Intellectual propertyThe proposals in this area suggest that, where active management of IP is taking place offshore (as opposed to passive investment), this should be exempt from the CFC rules. In considering the question of active management, it is proposed that various characteristics of the IP company, as well as its general substance, should be considered, e.g. the relevant expertise of the company. In addition, there is a suggestion that, where IP has no connection to the U.K., it should also be exempt.

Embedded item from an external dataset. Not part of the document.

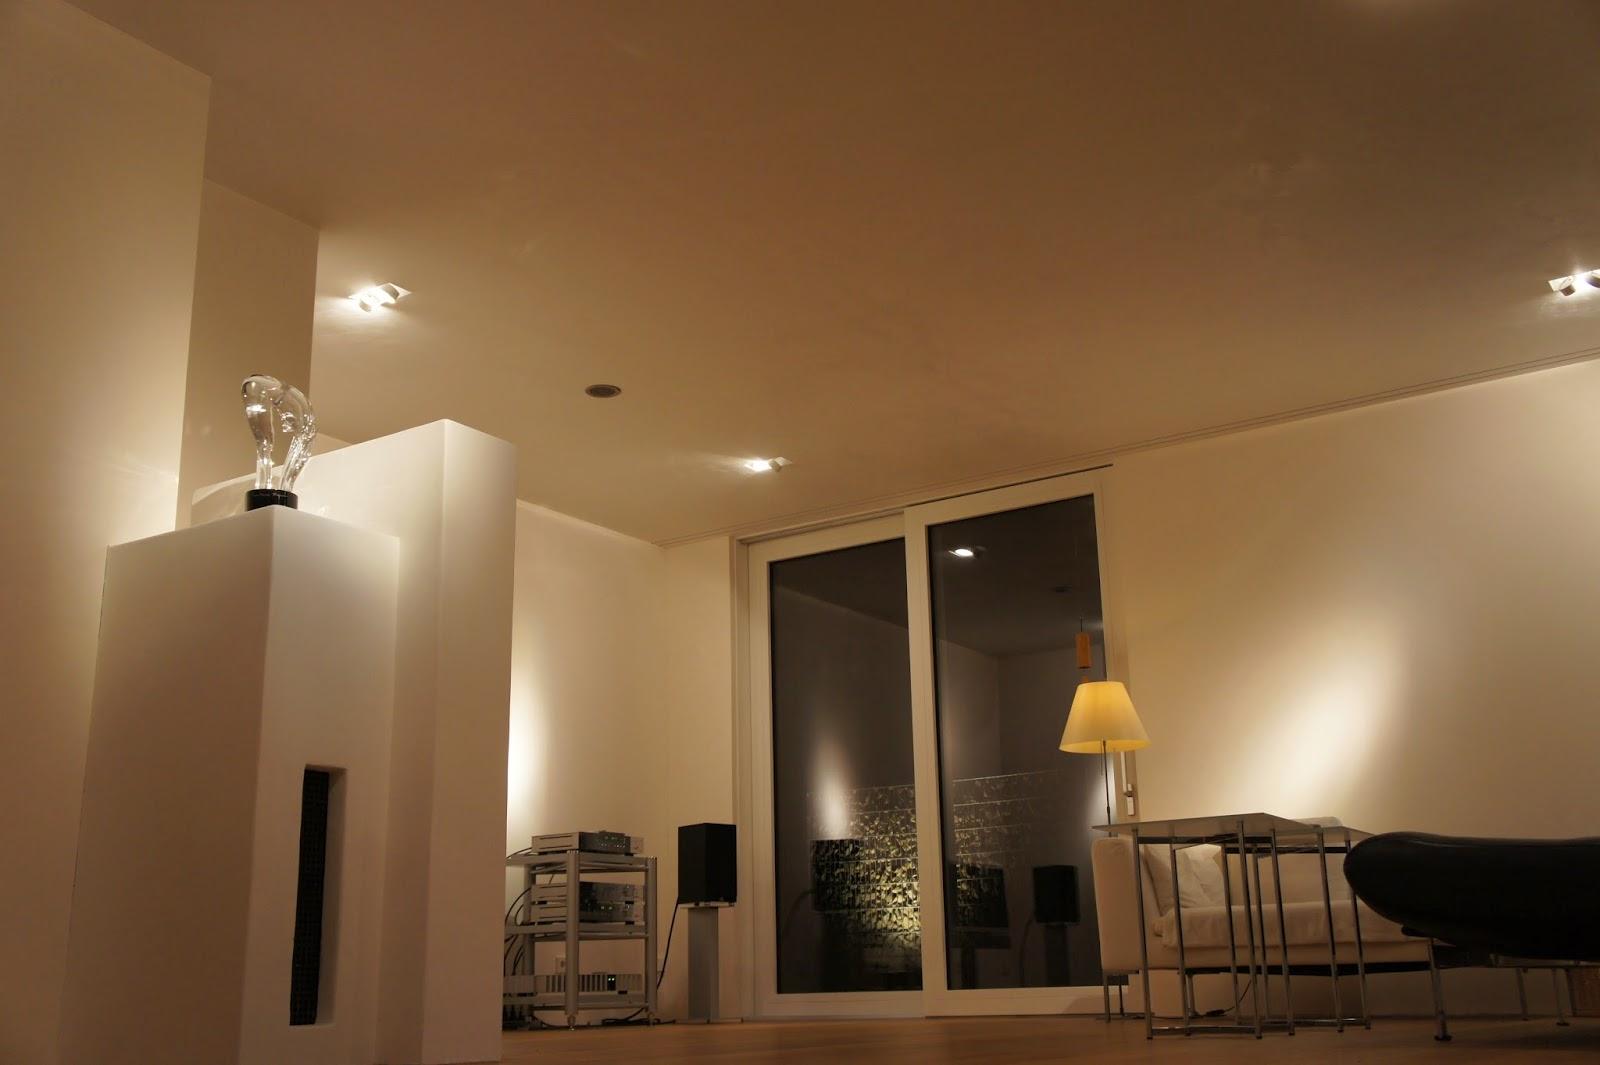 Hausbau Lichtplanung Modell : Lichtplanung im privat bereich einfamilienhaus wir planen ihr
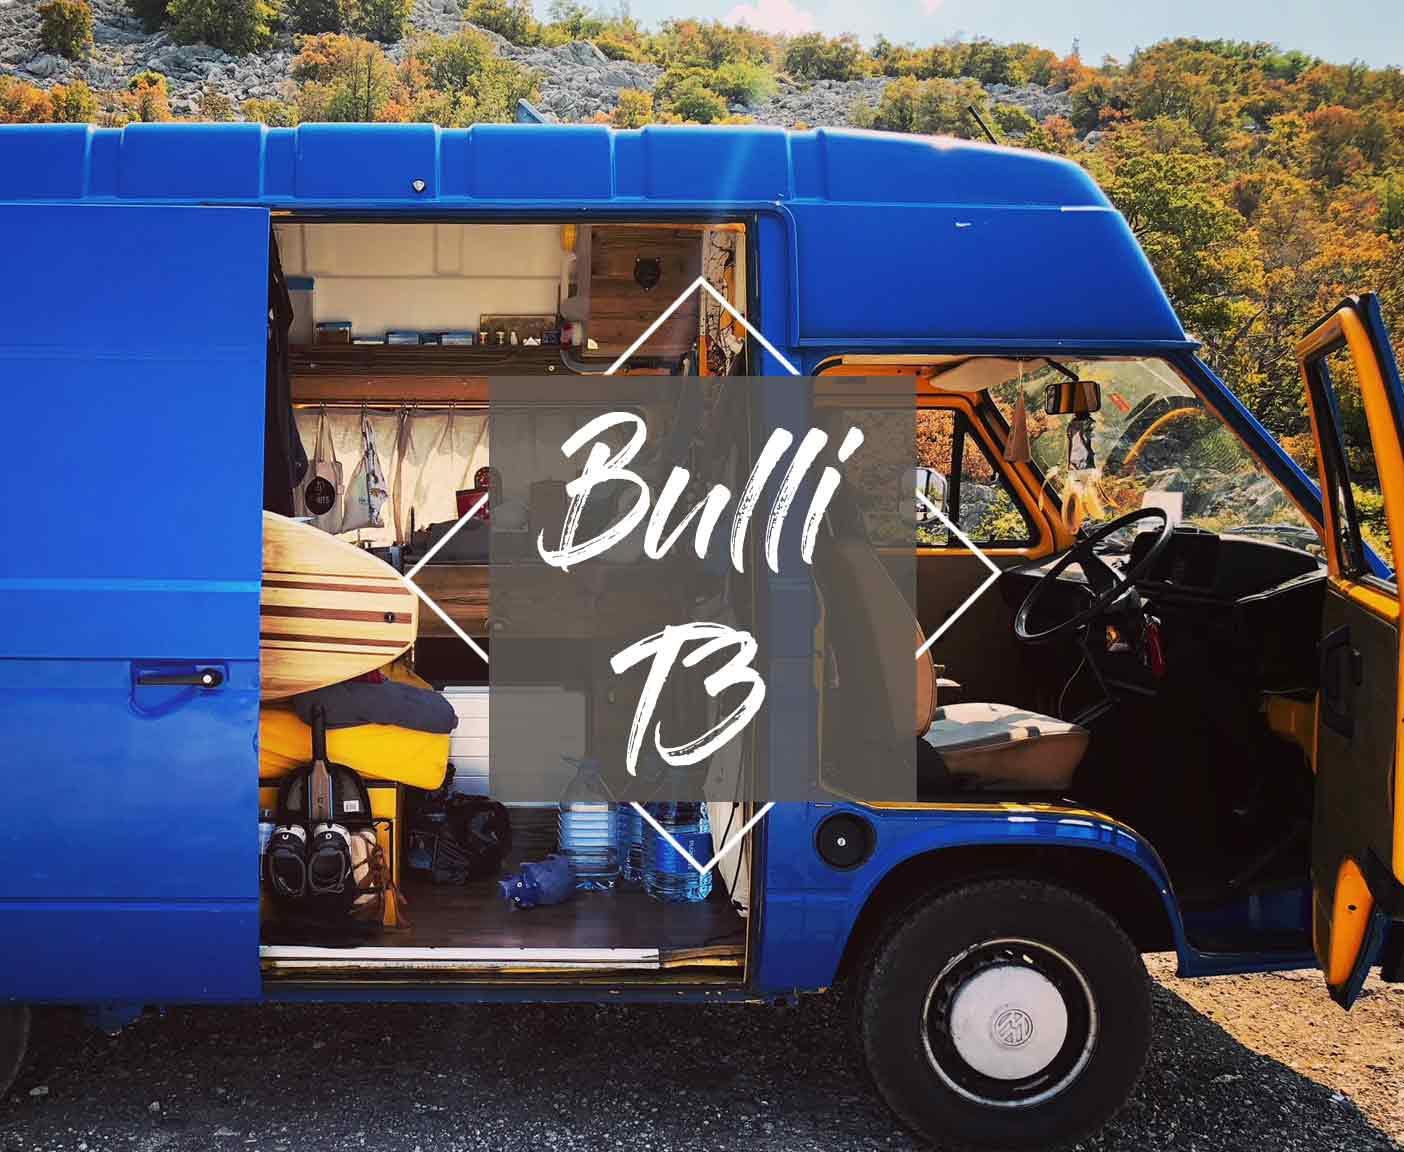 bulli-vergleich-t3-voklswagen-vw-sale-zu-verkaufen.jpg

Where IP is transferred out of the U.K. at a point when its value cannot be accurately determined (e.g. early in the development stage), the document notes the concern that the tax on exit may have undervalued the IP. Therefore, the document proposes a finite earn-out period over which a U.K. charge could apply if the IP significantly increases in value. Clearly, this creates the risk of a potential "double" U.K. tax charge. HMRC has confirmed that double taxation is not its intention and that it does not want the active management exemption for IP to encourage groups to hold such assets outside of the U.K. in the future. Instead, it wishes to promote the U.K. through a more attractive taxation regime (e.g. the proposed patent box).
EU compatibilityThe document suggests a revised motive test that, together with the hoped for "proportionality" of the objective exemptions, should ensure that the new regime is compatible with the EU treaty. As a result, HMRC and HMT do not expect it to apply to U.K. companies. The proposal is to exempt subsidiaries that are properly established overseas and are not intended to divert U.K. profit; the suggestion is that the commercial (non-tax) rationale for the company would need to be demonstrated. It is interesting to note, however, that the recent jurisprudence in the Cadbury and Vodafone cases did not place importance on the motive underlying the establishment of a subsidiary in an EU Member State, but rather emphasized the importance of conducting genuine economic activities. Therefore, it is unclear how this meets the objective of EU compliance.